Create a ConfigMap file for the custom foundation model by copying the following template, and then replacing the variables in the template with the appropriate values for your foundation model. The following table lists the variables for you to replace in the template.

ConfigMap field	Description
`metadata.name`	Model name with hyphens as delimiters. For example, if the model name is `tiiuae/falcon-7b`, specify `tiiuae-falcon-7b`.
`data.model.`	Model name with underscores as delimiters `<full_model_name>`. For example, if the model name is `tiiuae/falcon-7b`, specify `tiiuae_falcon_7b`.
`data.model.<full_model_name>.pvc_name`	Persistent volume claim where the model source files are stored. Use the `pvc_name` that you noted in an earlier step. For example, `tiiuae-falcon-7b-pvc`
`data.model.<full_model_name>.pvc_size`	Size of persistent volume claim where the model source files are stored. For example, `60Gi`.

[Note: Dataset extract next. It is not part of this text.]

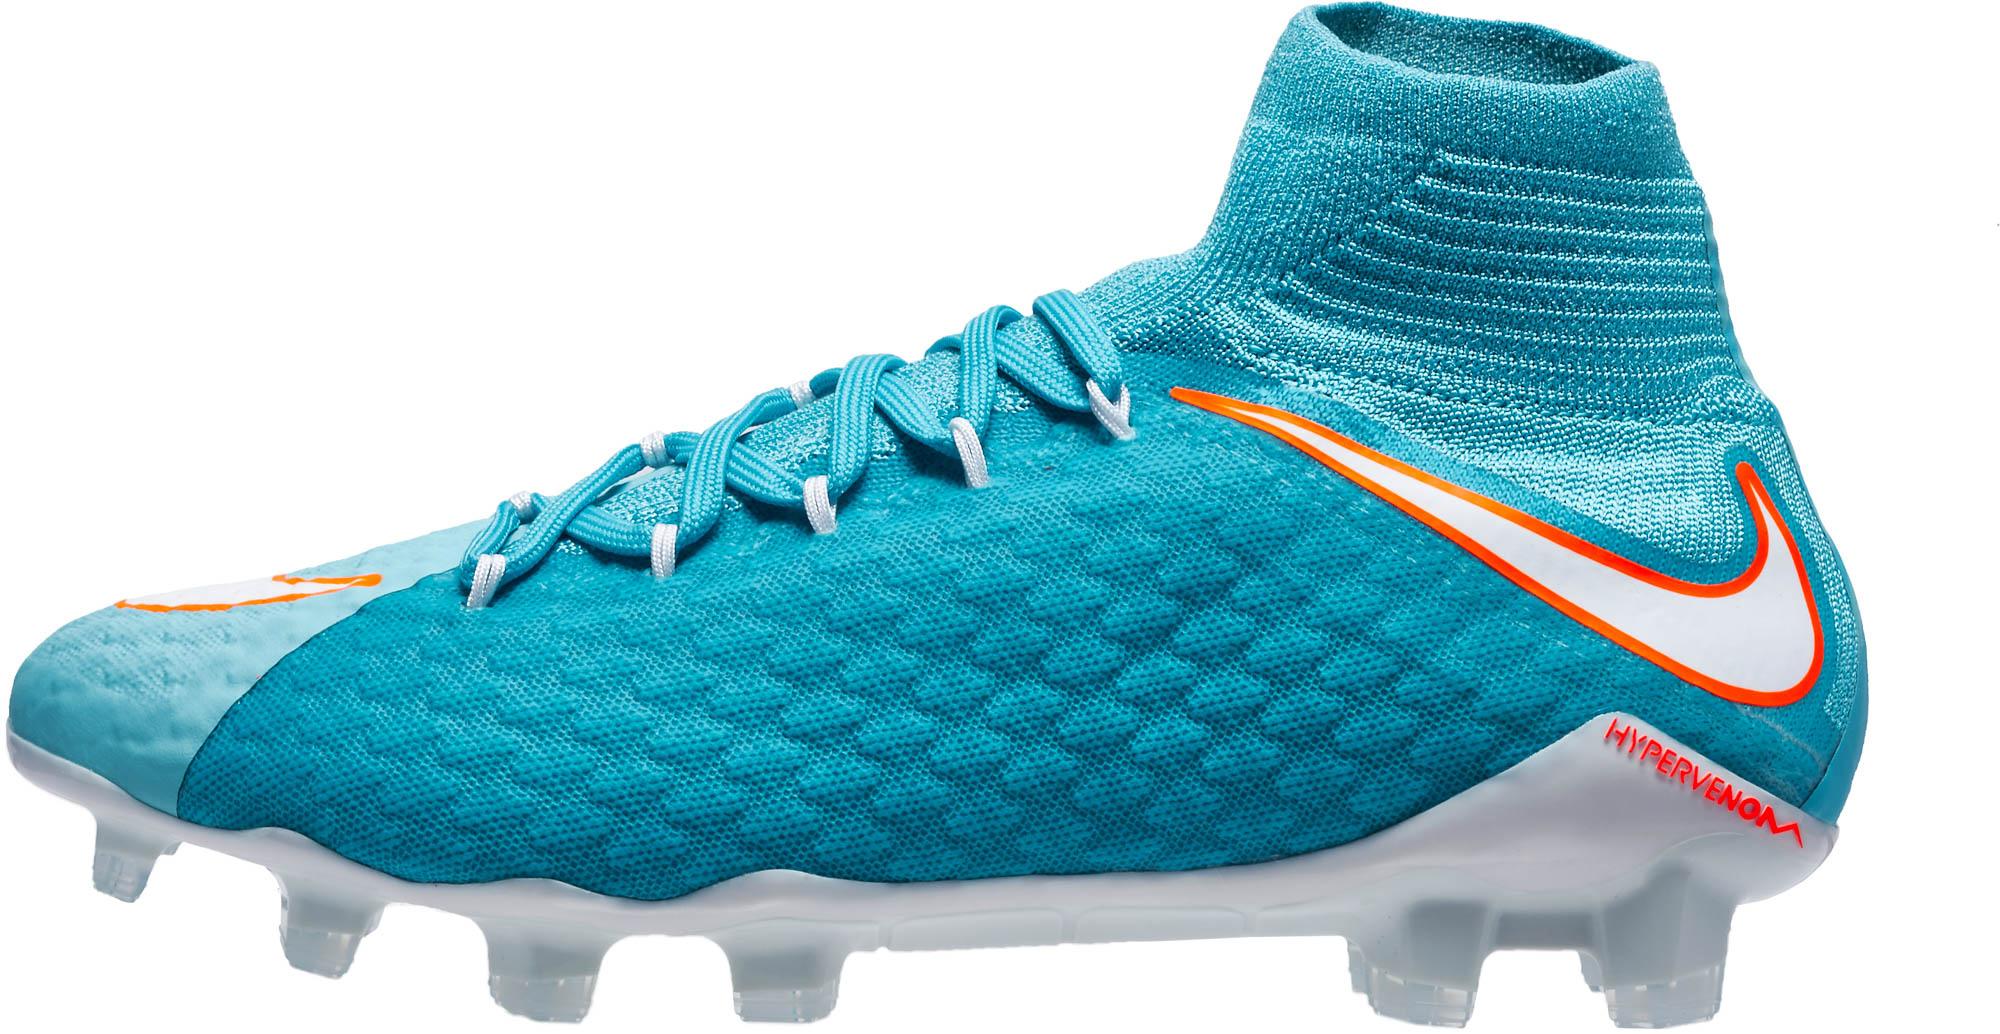 Nike Womens Hypervenom Phatal III DF FG Soccer Cleats - Polarized ... 032eef1559

`data.model.<full_model_name>.dir_name`	Directory where the model content is stored. This value matches the `MODEL_PATH` from the model download job. For example, `models--tiiuae-falcon-7b`
`data.model.<full_model_name>.storage_uri`	Universal resource identifier for the directory where the model source files are stored with the syntax `pvc://<pvc where model is downloaded>/`. For example, `pvc://tiiuae-falcon-7b-pvc/`.

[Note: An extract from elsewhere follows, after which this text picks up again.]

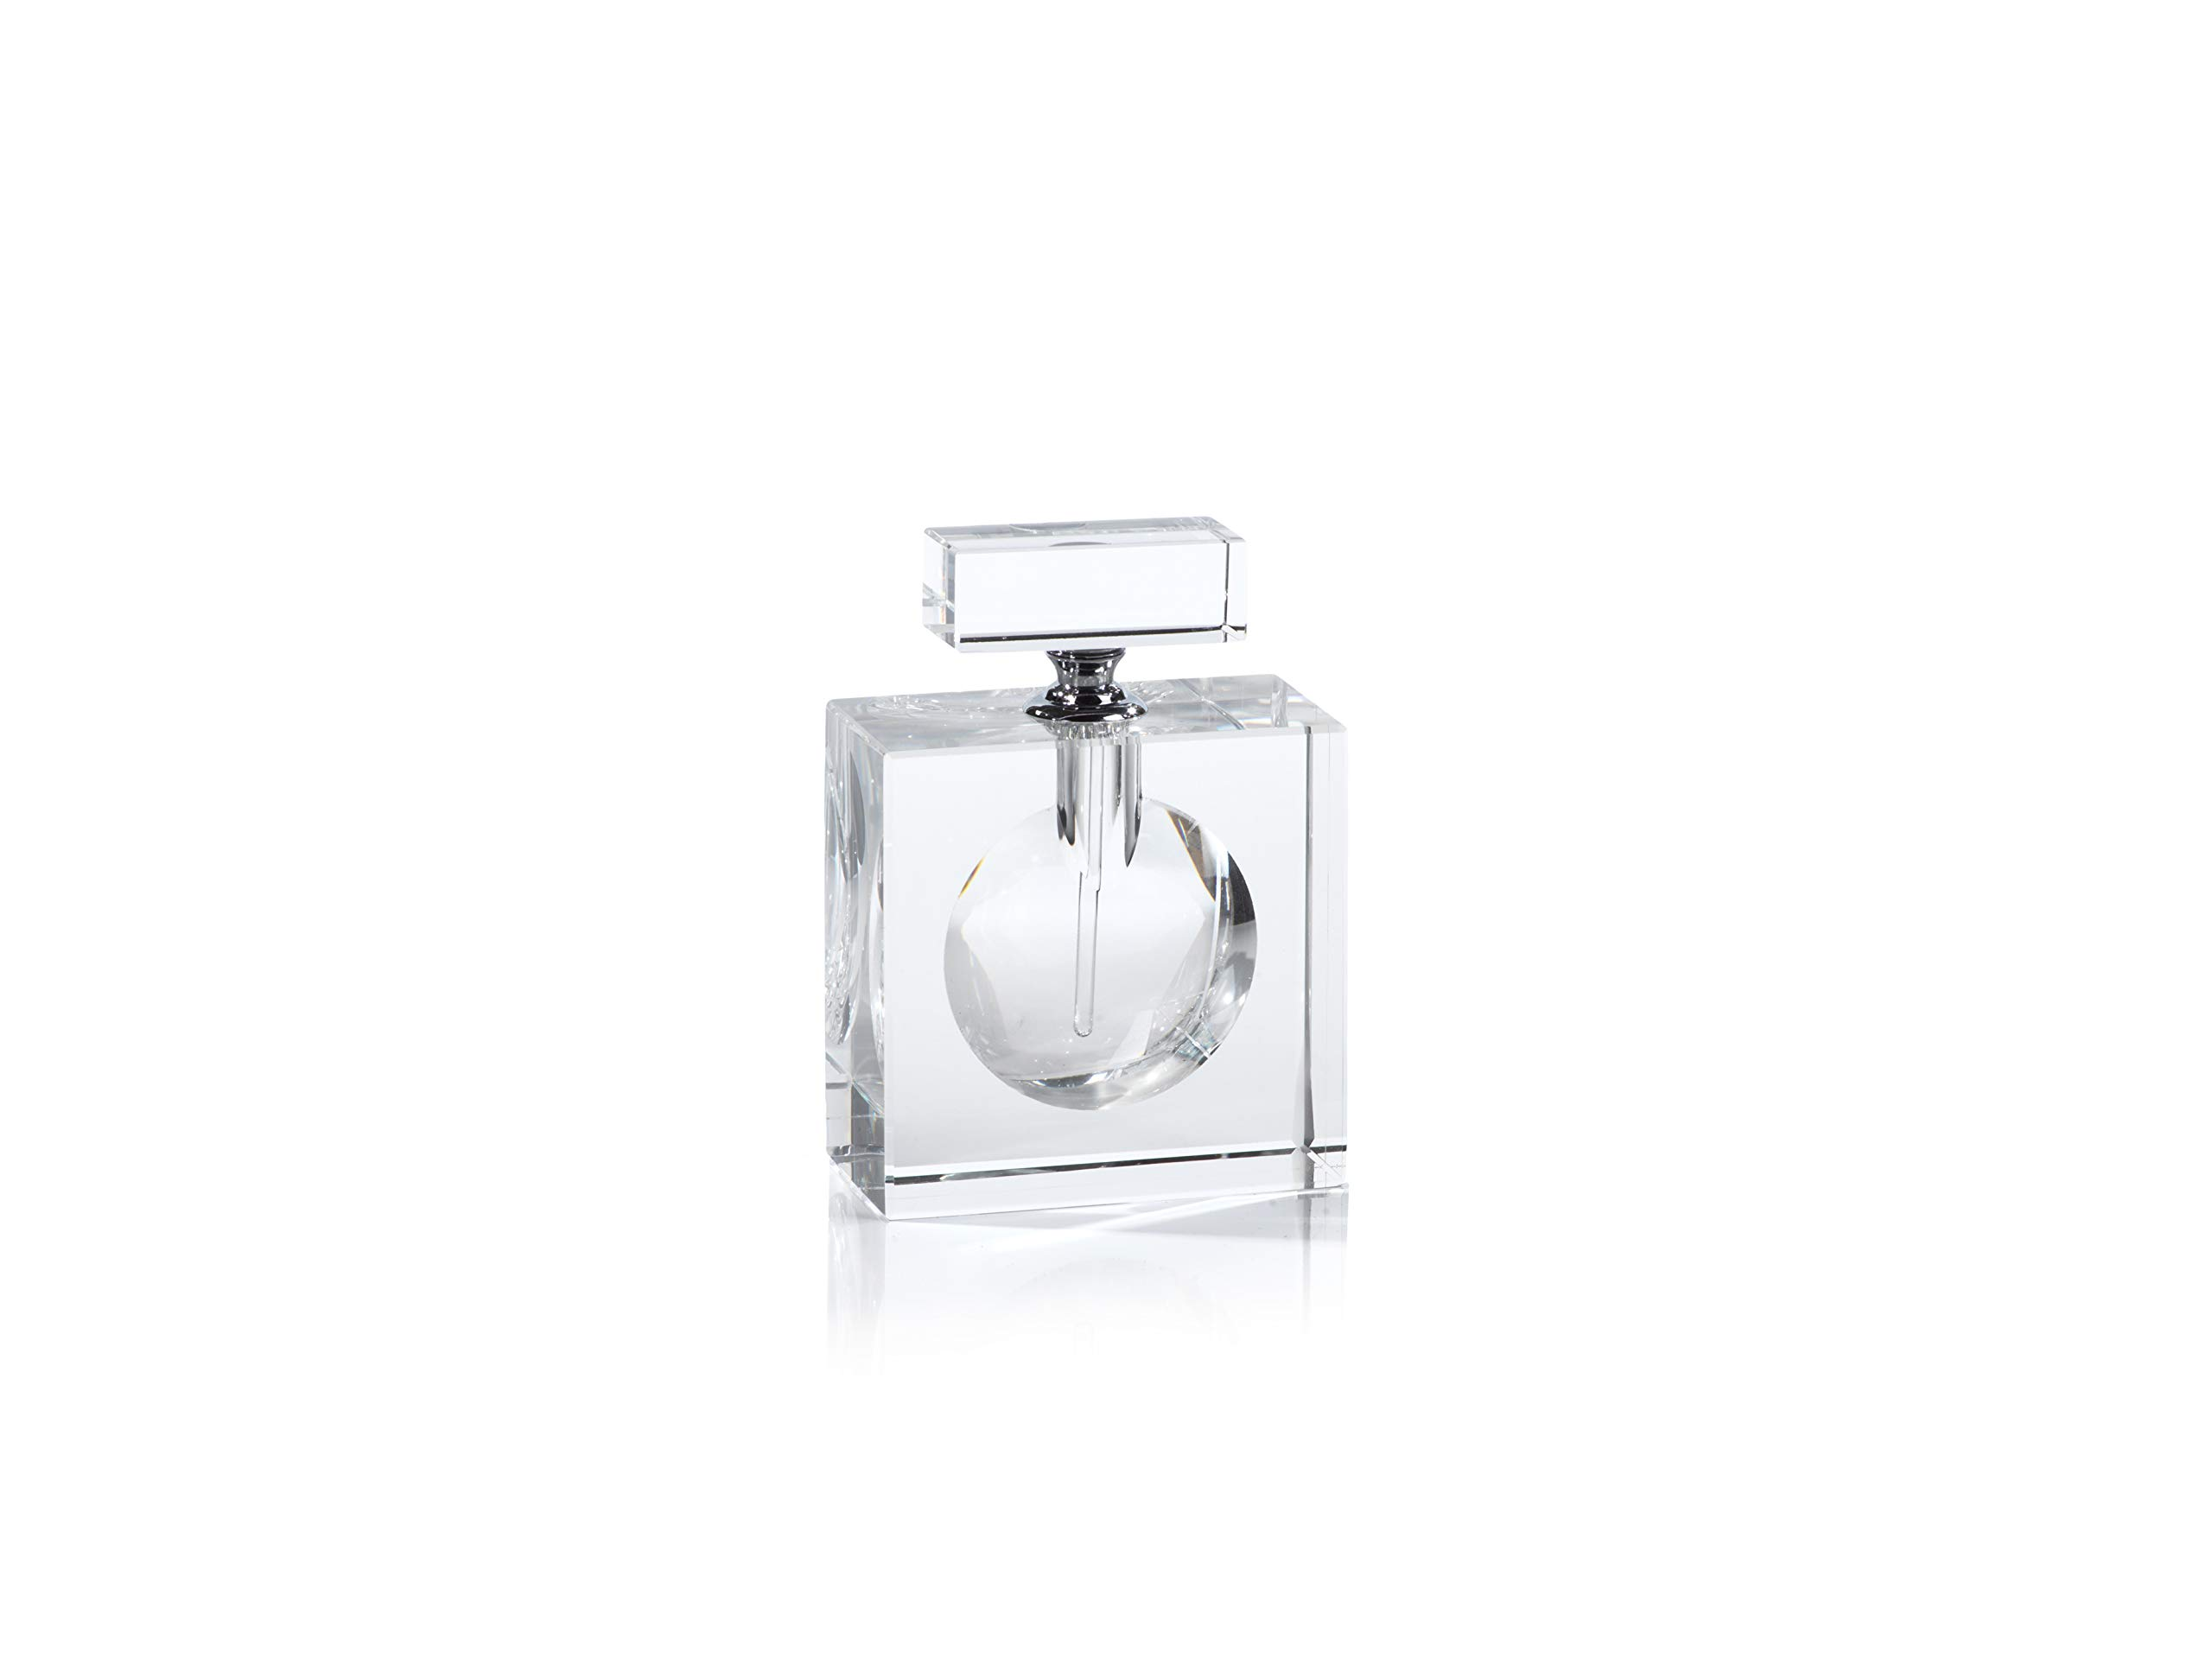 Zodax Malak Rectangular Glass Perfume Decorative Bottle, Clear by Zodax

`data.model.<full_model_name>.env.DTYPE_STR`	Data type of text strings that the model can process. For example, `float16`. For more information about supported values, see Global parameters for custom foundation models.
`data.model.<full_model_name>.annotations. productVersion`	The IBM watsonx.ai service operator version. For example, `9.1.0`. To get this value, use the following command: `oc get watsonxaiifm watsonxaiifm-cr -o jsonpath="{.spec.version}"`
`data.model.<full_model_name>.annotations.cloudpakInstanceId`	The IBM® Software Hub instance ID. For example, `b0871d64-ceae-47e9-b186-6e336deaf1f1`. To get this value, use the following command: `oc get cm product-configmap -o jsonpath="{.data.CLOUD_PAK_INSTANCE_ID}"`
`data.model.<full_model_name>.labels_syom.icpdsupport/module`	Model name with hyphens as delimiters. For example, if the model name is `tiiuae/falcon-7b`, specify `tiiuae-falcon-7b`
`data.model.<full_model_name>.labels_syom.app`	Model name with hyphens as delimiters and prefixed with `text-`. For example, if the model name is `tiiuae/falcon-7b`, specify `text-tiiuae-falcon-7b`.

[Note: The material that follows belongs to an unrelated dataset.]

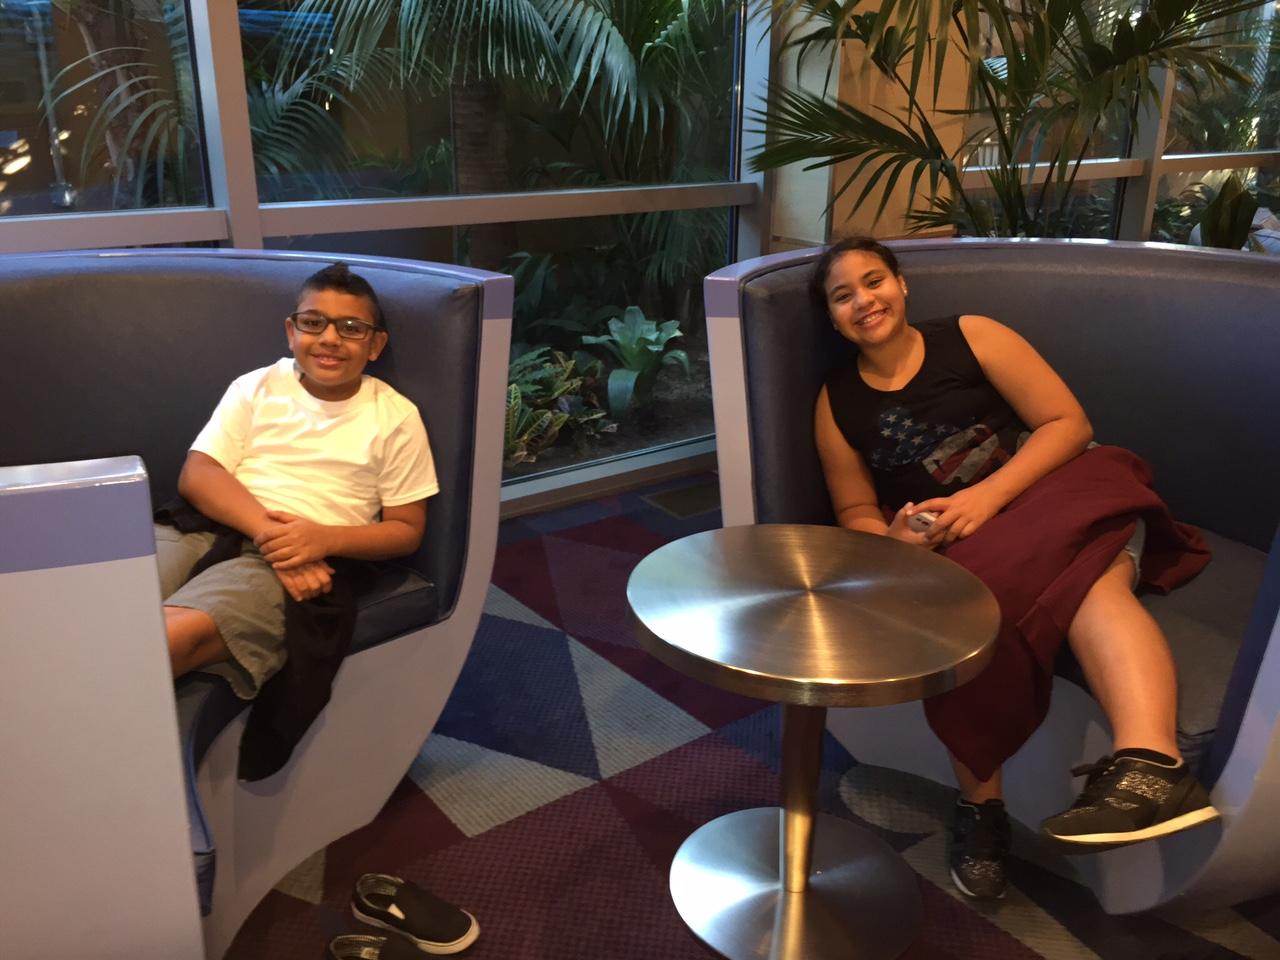 disneyland-hotel-review-lobby.jpg

`data.model.<full_model_name>.labels_syom.syom_model`	Model name with single hyphens as delimiters, except for the first delimiter, which uses two hyphens. For example, `tiiuae--falcon-7b`.
`data.model.<full_model_name>.wx_inference_proxy.`	Model ID (`<full/model_name>`). For example, `tiiuae/falcon-7b`
`data.model.<full_model_name>.wx_inference_proxy.<full/model_name>.label`	Model name without provider prefix. For example, `falcon-7b`.
`data.model.<full_model_name>.wx_inference_proxy.<full/model_name>.provider`	Model provider. For example, `tiiuae`
`data.model.<full_model_name>.wx_inference_proxy.<full/model_name>.short discription of model`	Short description of the model in less than 100 characters.
`data.model.<full_model_name>.wx_inference_proxy.<full/model_name>.long discription of model`	Long description of the model.
`data.model.<full_model_name>.wx_inference_proxy.<full/model_name>.min_shot_size`	min shot size
`data.model.<full_model_name>.wx_inference_proxy.<full/model_name>.tier`	Model tier.
`data.model.<full_model_name>.wx_inference_proxy.<full/model_name>.number_params`	Number of model parameters. For example, `7b`
`data.model.<full_model_name>.wx_inference_proxy.<full/model_name>.lifecycle.available.since_version`	The first IBM watsonx.ai service operator version in which the model was added. For examples, `9.1.0`.

For example ConfigMap, see Registering custom foundation models for global deployment.

What to do next

To test the custom foundation model that you added to a watsonx.ai lightweight engine installation, submit an inference request to the model programmatically. For more details, see Working with the watsonx.ai lightweight engine.